24. PostMod: is a predict sever for phosphorylation sites. The authors combined physicochemical information, motif information, and evolutionary information by simply comaparing sequence similarities, and could predict phosphorylation sites for 48 different kinases (Jung, et al., 2010).
25. iGPS
1.0 : we developed a software package of iGPS (GPS algorithm with the interaction filter, or in vivo GPS) mainly for the prediction of in vivo ssKSRs. Eukaryotic PKs were classified into a hierarchy with four levels: group, family, subfamily, and single PK. Based on the hypothesis that similar PKs recognize similar SLMs, we selected a predictor in GPS 2.0 for each PK and directly predicted the potential PKs for the non-annotated p-sites from the phosphoproteomic studies. Consequently, protein-protein interaction (PPI) information was used as the major contextual factor to filtrate potentially false-positive hits
(Song, et al., 2012).
26. Musite: a tool for global prediction of general and kinase-specific phosphorylation sites. The authors collected phosphoproteomics data in multiple organisms from several reliable sources and used them to train prediction models by a comprehensive machine-learning approach that integrates local sequence similarities to known phosphorylation sites, protein disorder scores, and amino acid frequencies (Gao, et al., 2010; Yao, et al., 2012).
27. MusiteDeep: the first deep-learning framework for predicting general and kinase-specific phosphorylation sites (Wang, et al., 2017).
28. PlantPhos: is a web tool for predicting potential phosphorylation sites in plant proteins with various substrate motifs based on Hidden Markov Models (HMM) and Maximal Dependence Decomposition (MDD) (Lee, et al., 2011).
29. PSEA: the authors proposed a new method called PSEA (Phosphorylation Set Enrichment Analysis) to detect new sites phosphorylated by a specific kinase, kinase family and kinase group.
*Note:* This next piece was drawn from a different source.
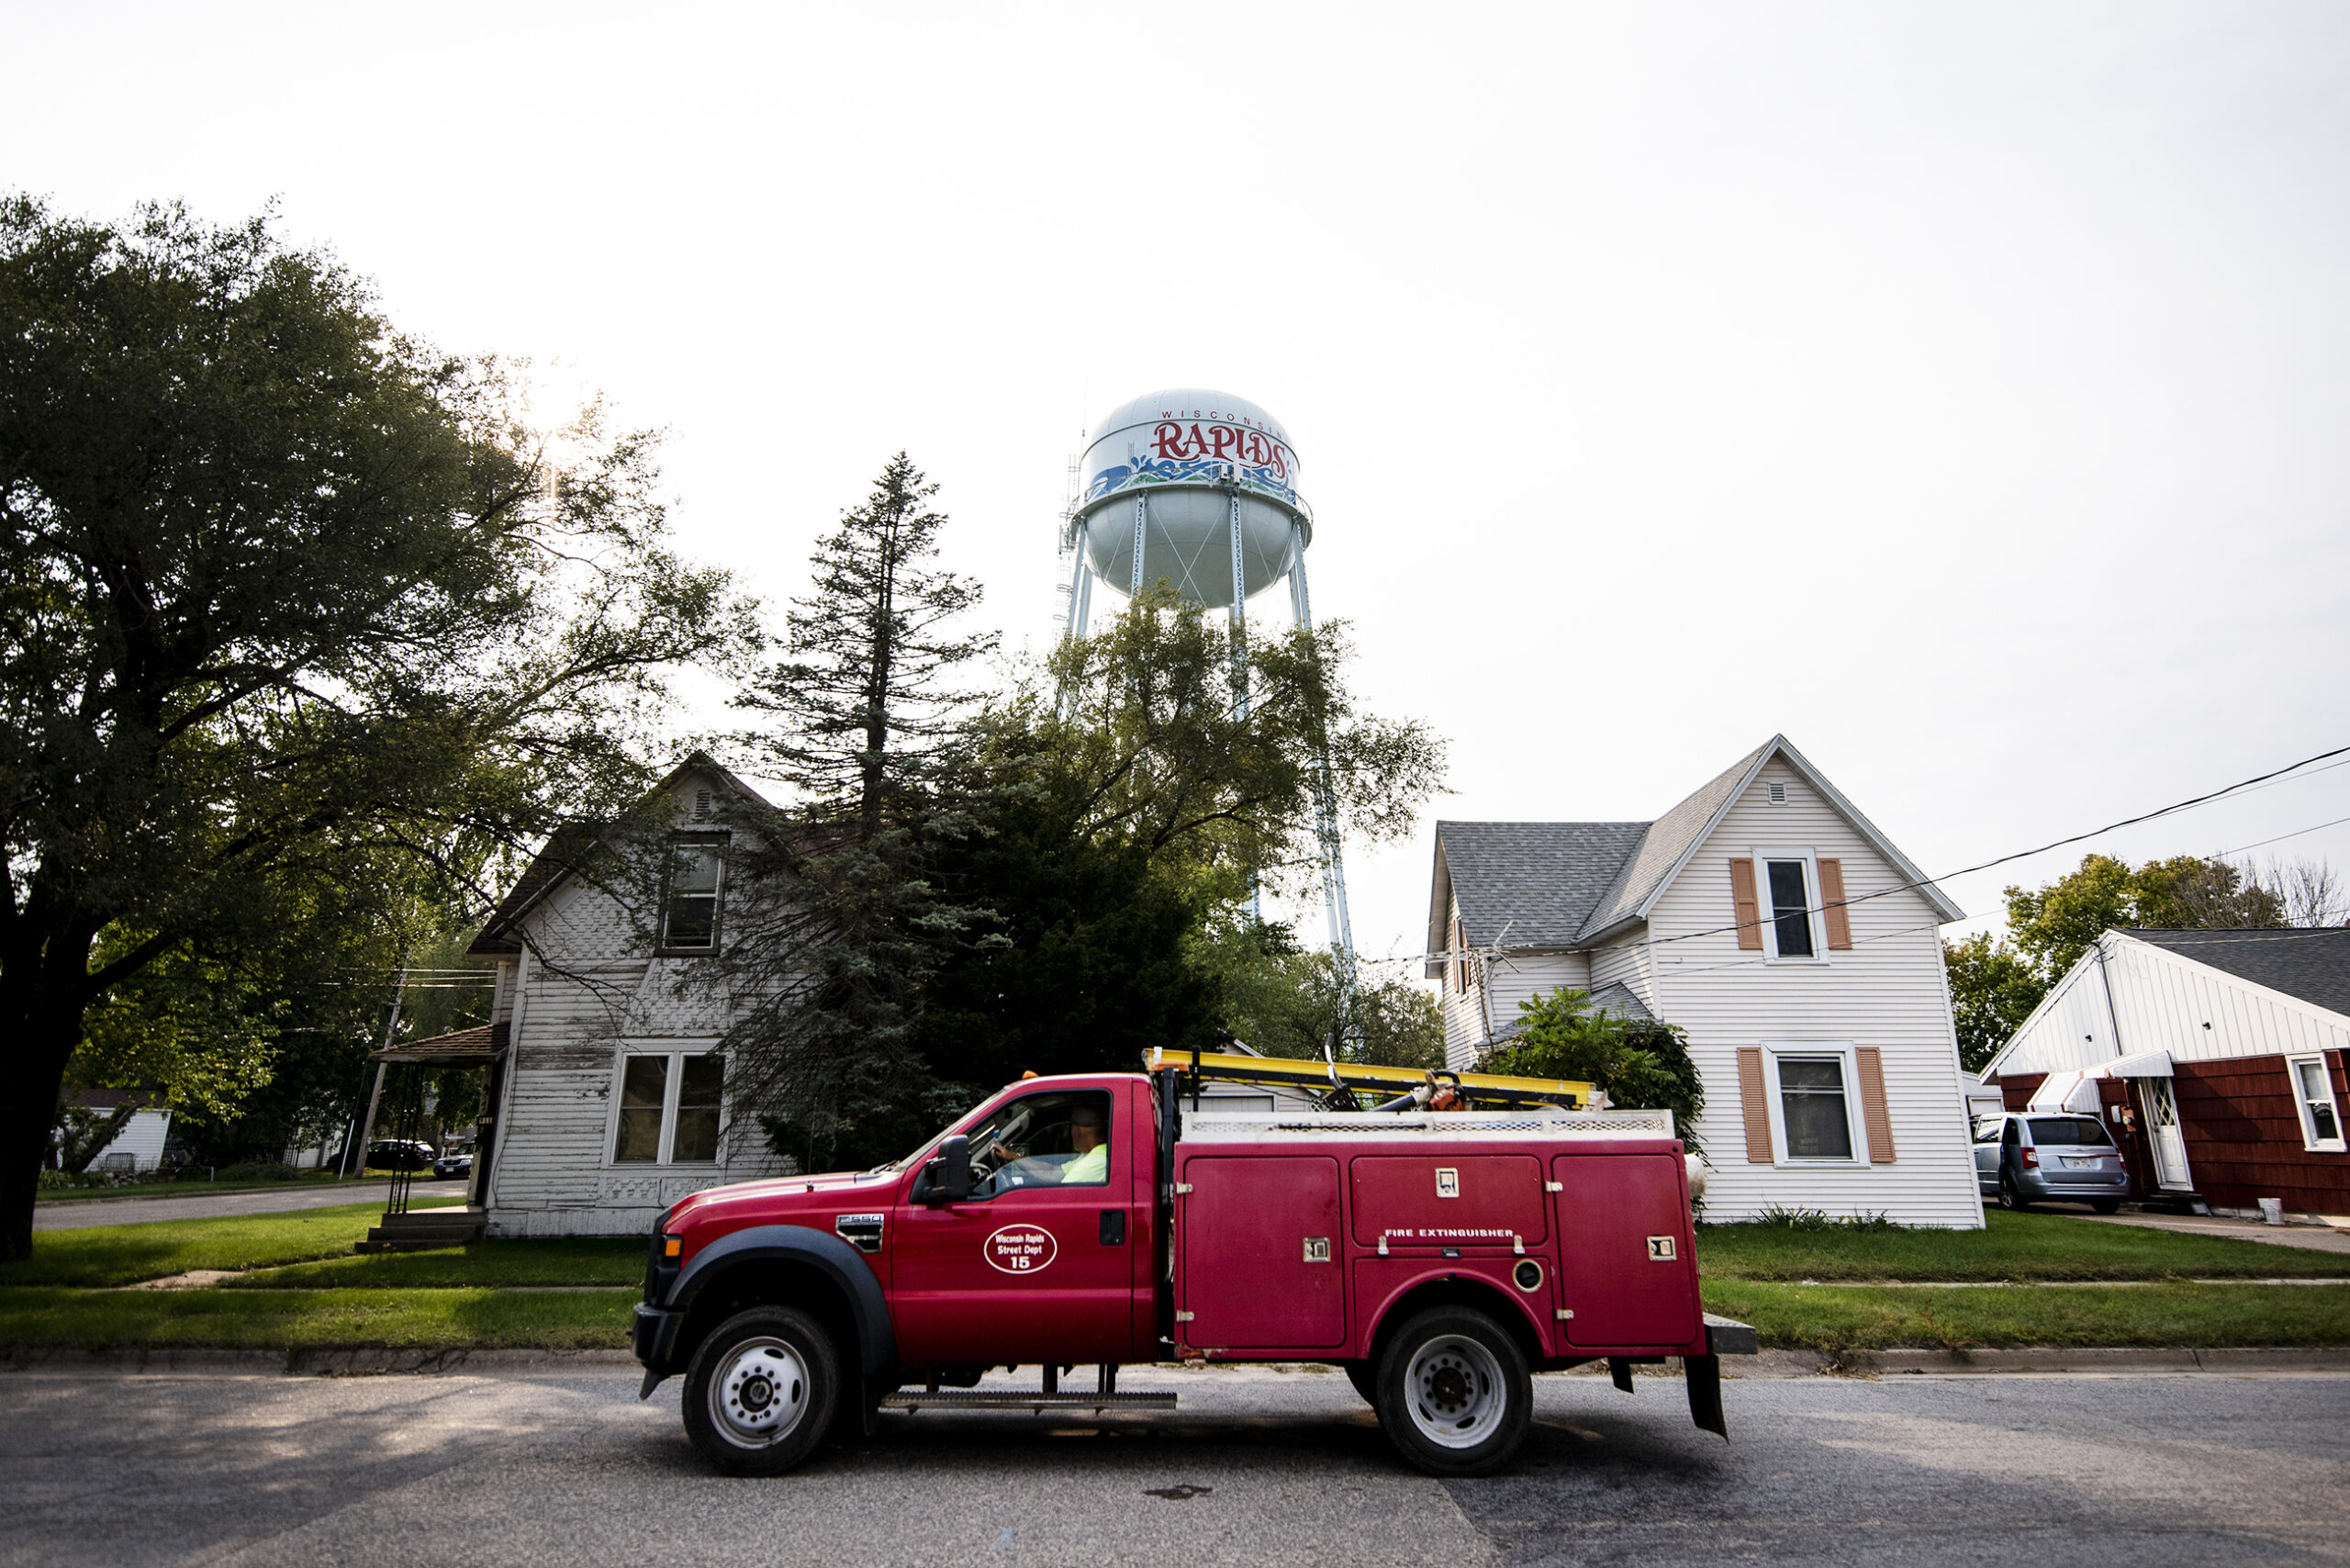 a bright red truck passes by two homes and a water tower that says

For each query, they assigned a P-value according to its similarity with known phosphorylated ones. The smaller the P-value, the more significant will be the chance that the given peptides were phosphorylated by the chosed kinase type (Suo, et al., 2014).
30. PKIS: based on the latest version of Phopho.ELM (9.0), a novel kinase identification web server, PKIS, incorporating support vector machines (SVMs) with the composition of monomer spectrum (CMS) is used to assign protein kinase for experimentally verified P-sites of human in high specificity (Zou, et al., 2013).
31. PTMPred: a support vector machine (SVM) with the kernel matrix computed by PSPM(position-specific propensity matrices) is applied to predict the posttranslational modification sites (Xu, et al., 2014).
32. Phos_pred: a method for the prediction of protein kinase-specific phosphorylation sites in hierarchical structure using functional information and random forest (Fan, et al., 2014).
33. PhosK3D: is a web server for identifying kinase-specific phosphorylation sites on protein sequences and three-dimensional structures (Su and Lee, et al., 2013).
34. PhosphoPICK: a method for predicting kinase substrates using cellular context information, and is currently able to make predictions for 59 human kinases (Patrick, et al., 2013).